Your task is to copy the listing exactly. Drop any pictures from the copy.

- [Supplied data]:

- - -

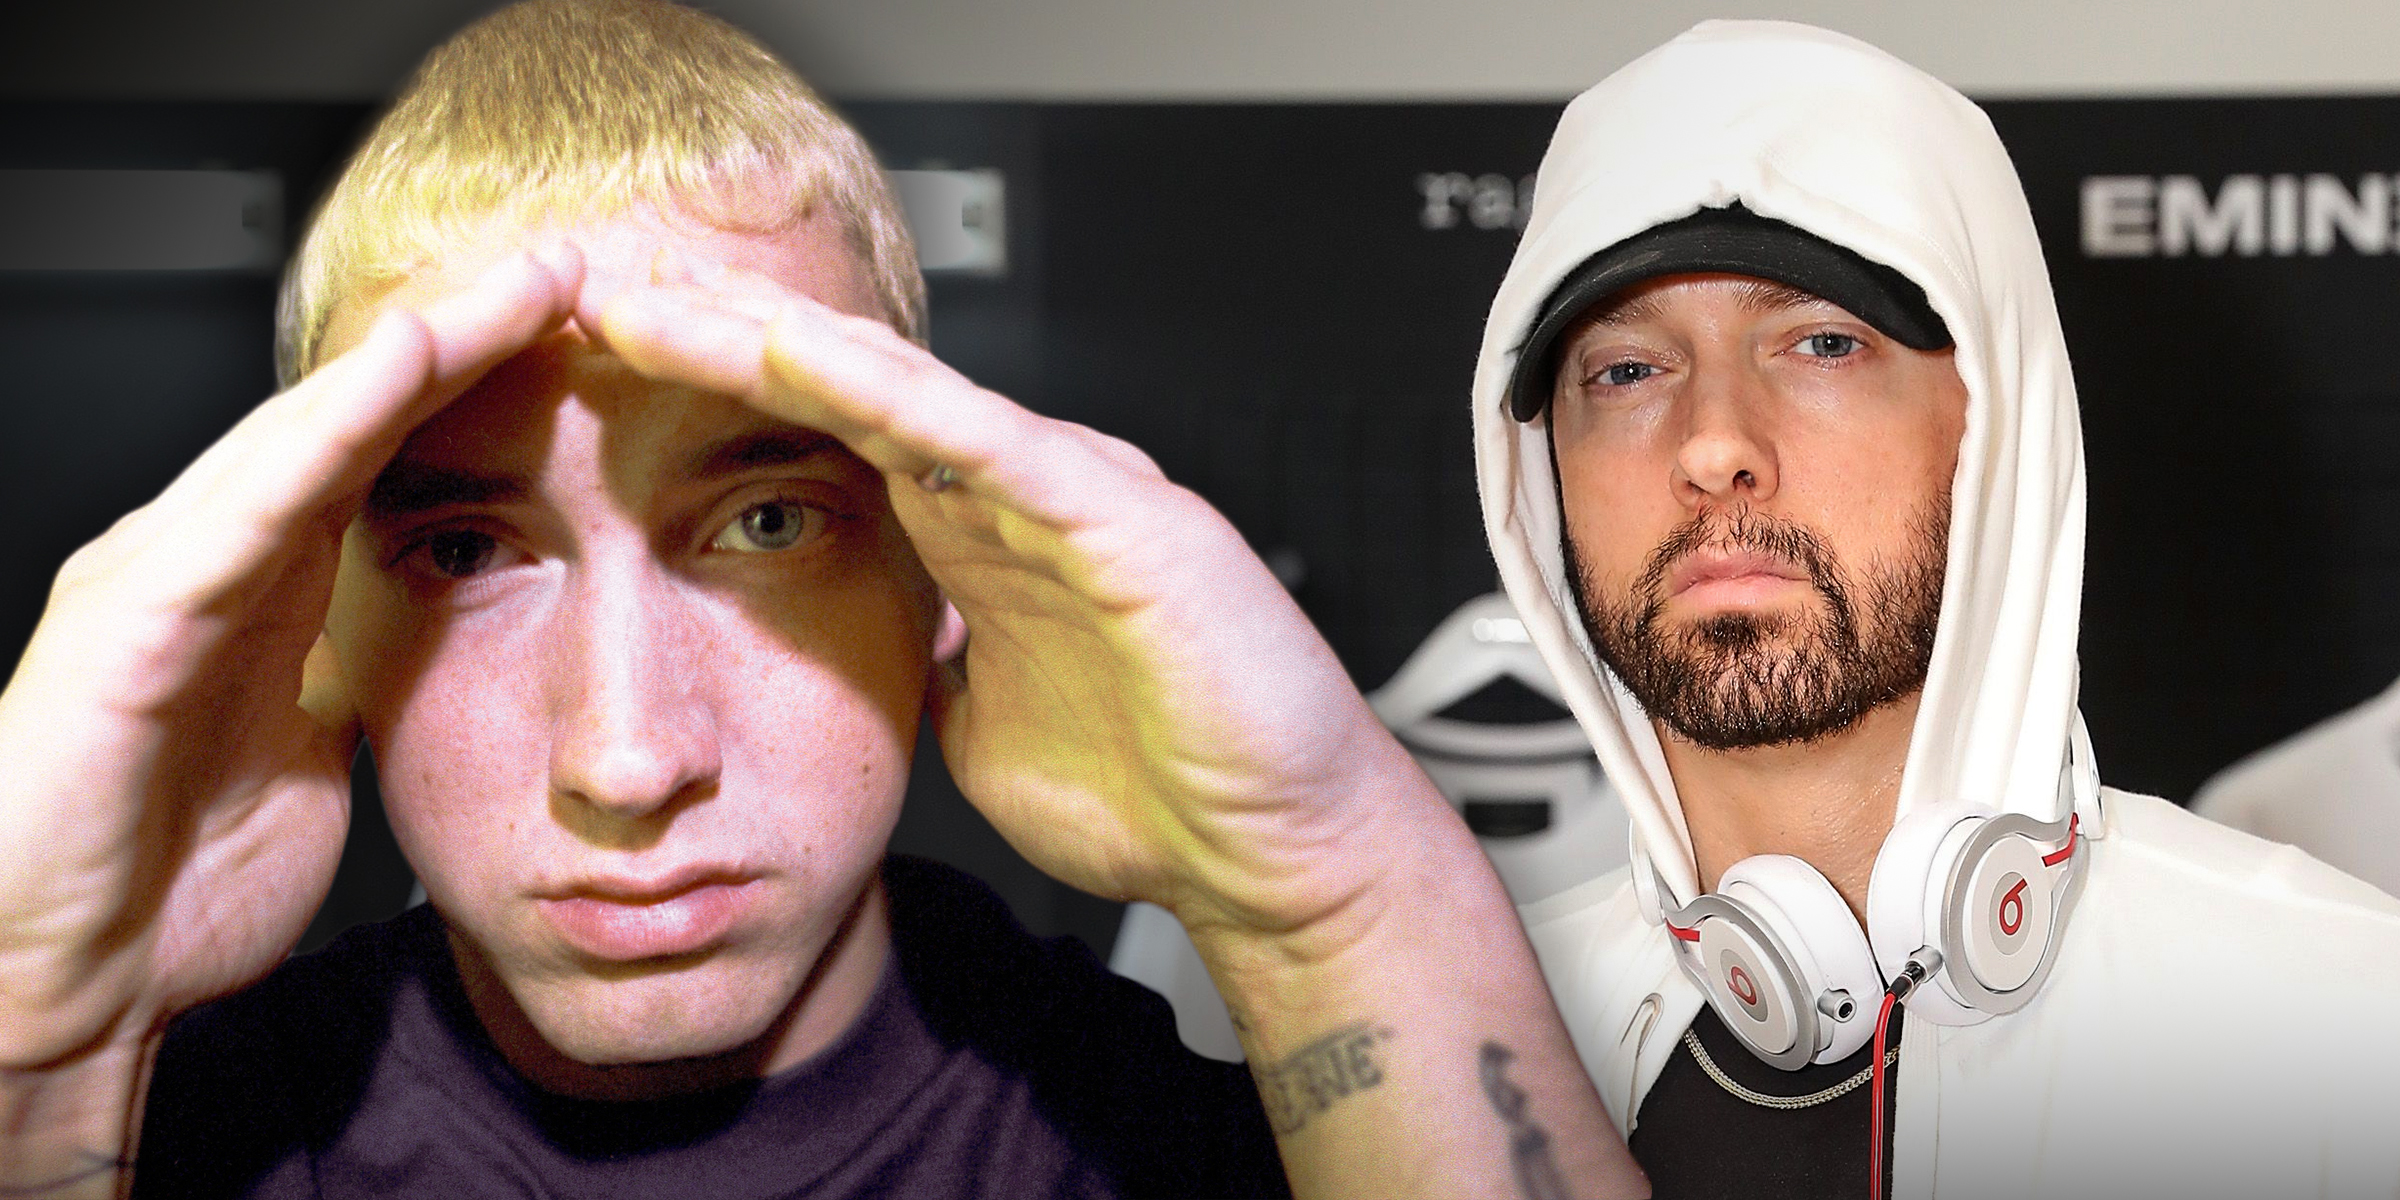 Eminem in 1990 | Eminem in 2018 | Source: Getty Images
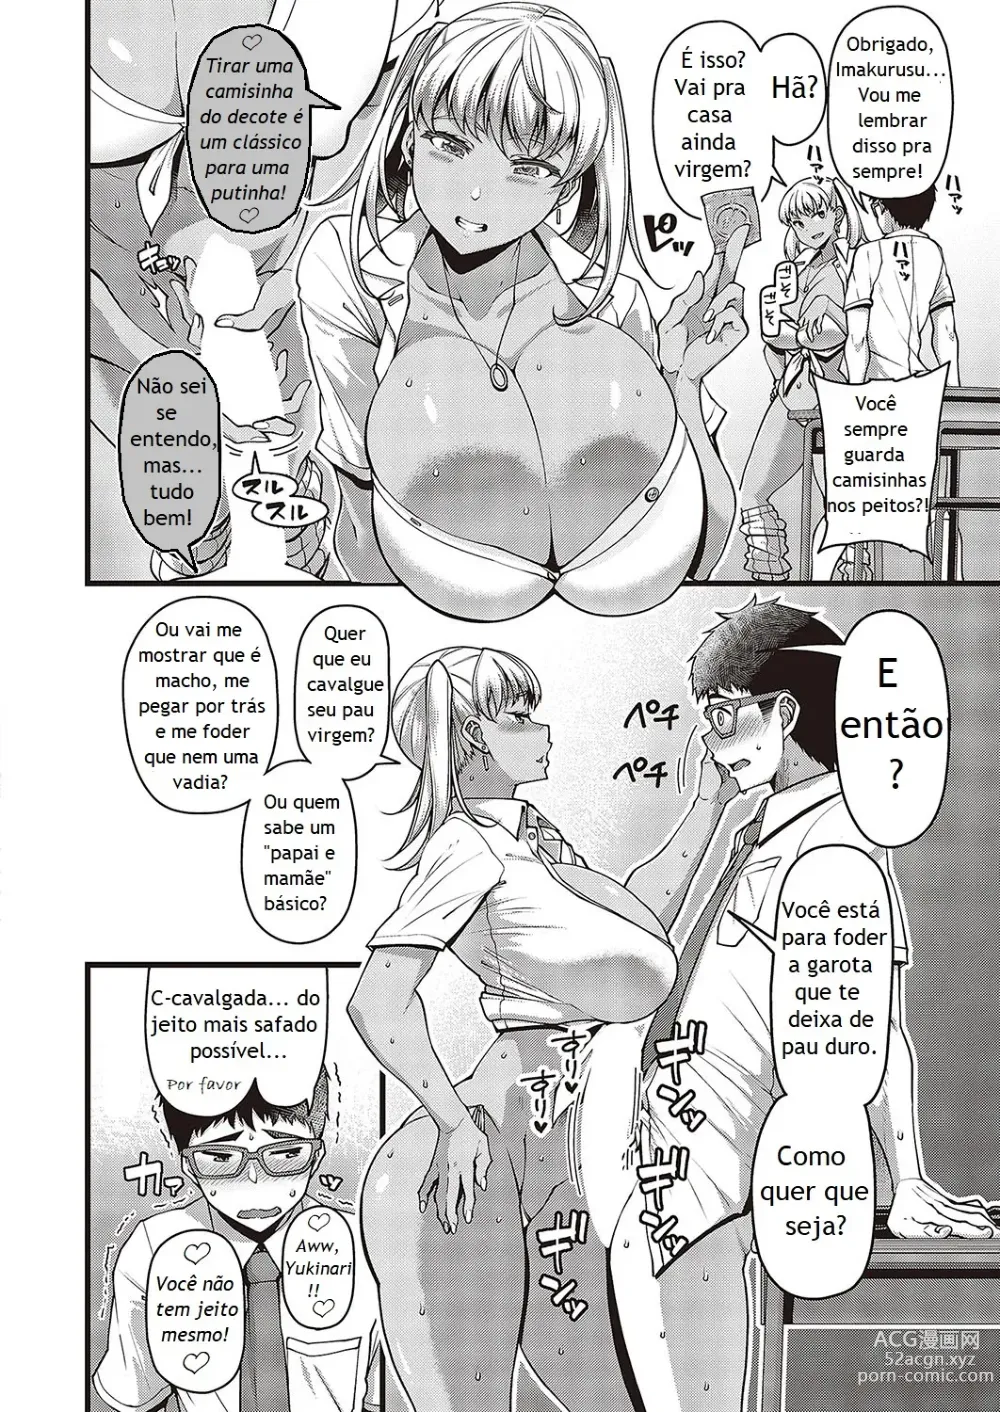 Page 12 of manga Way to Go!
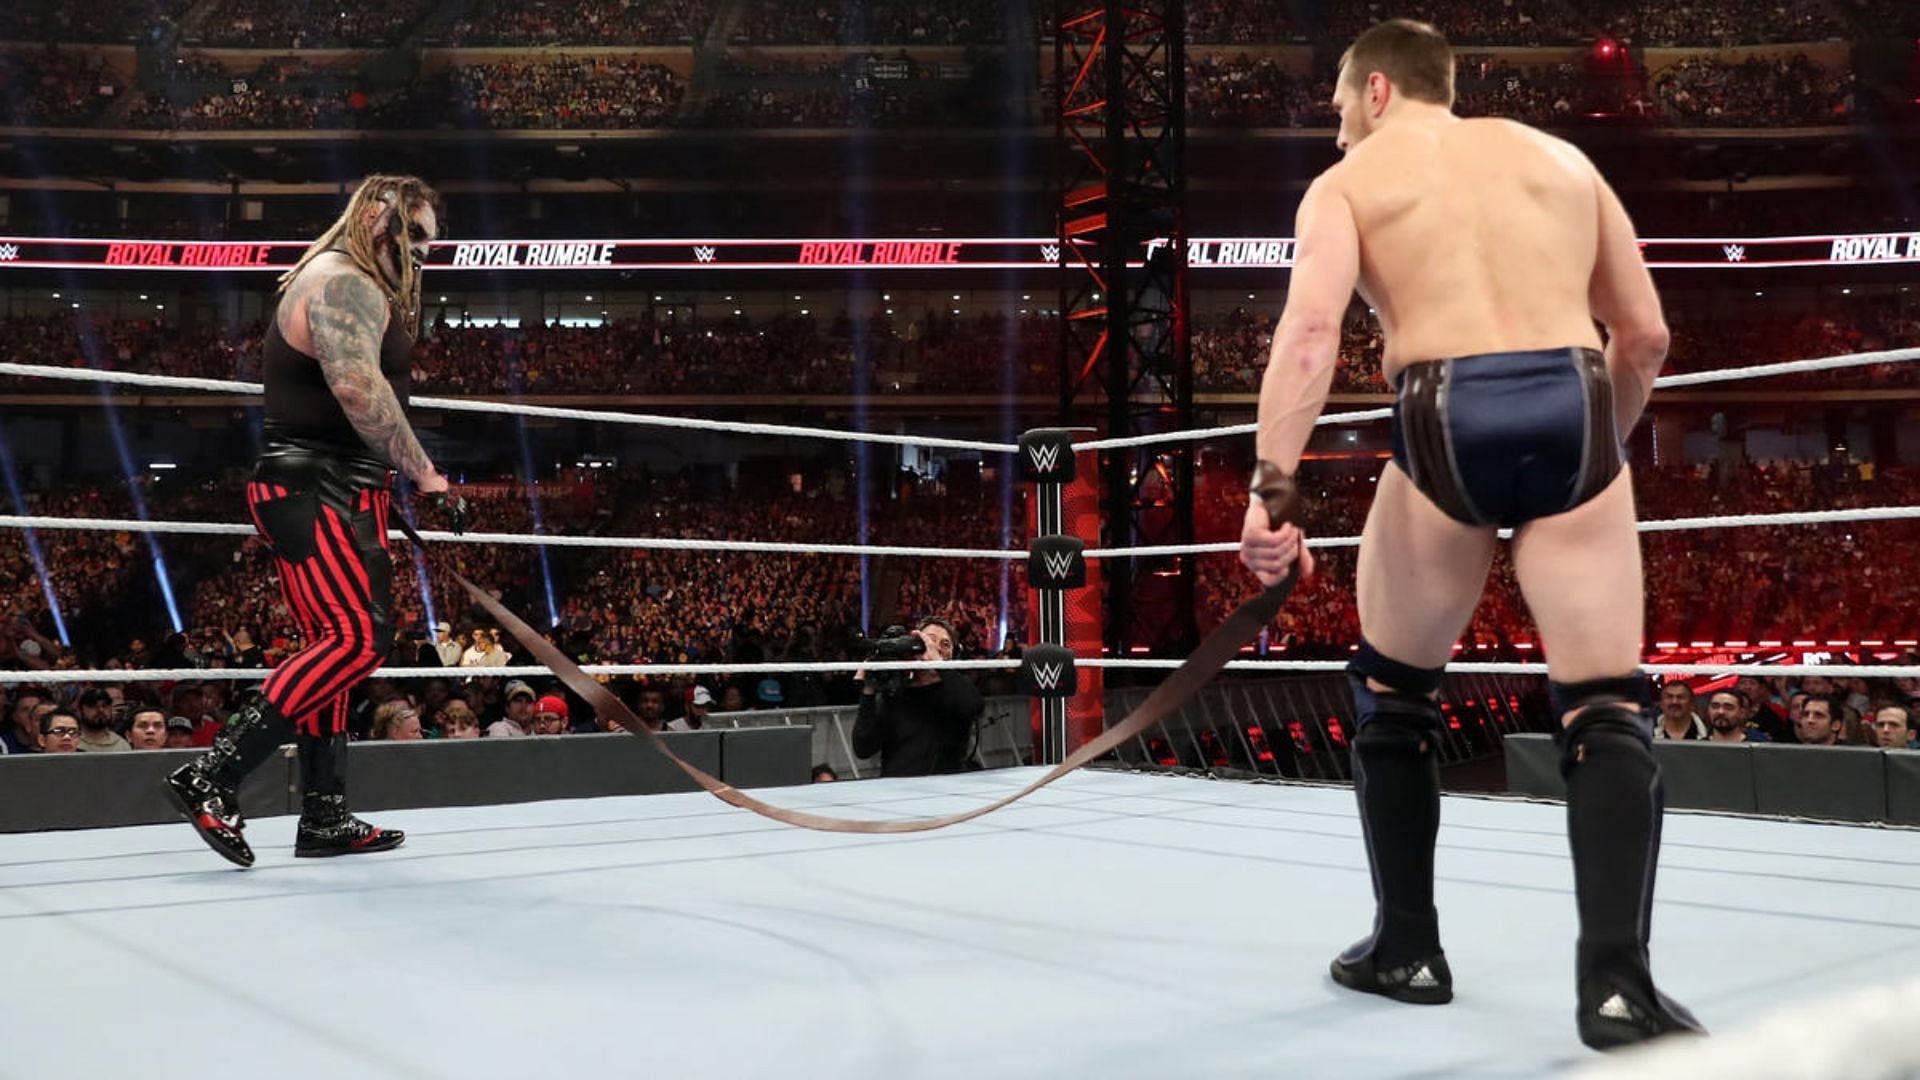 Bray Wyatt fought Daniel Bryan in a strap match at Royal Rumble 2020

- - -

- [Result of the task]:
 Eminem in 1990 | Eminem in 2018 | Source: Getty Images
 Page 12 of manga Way to Go!
 Bray Wyatt fought Daniel Bryan in a strap match at Royal Rumble 2020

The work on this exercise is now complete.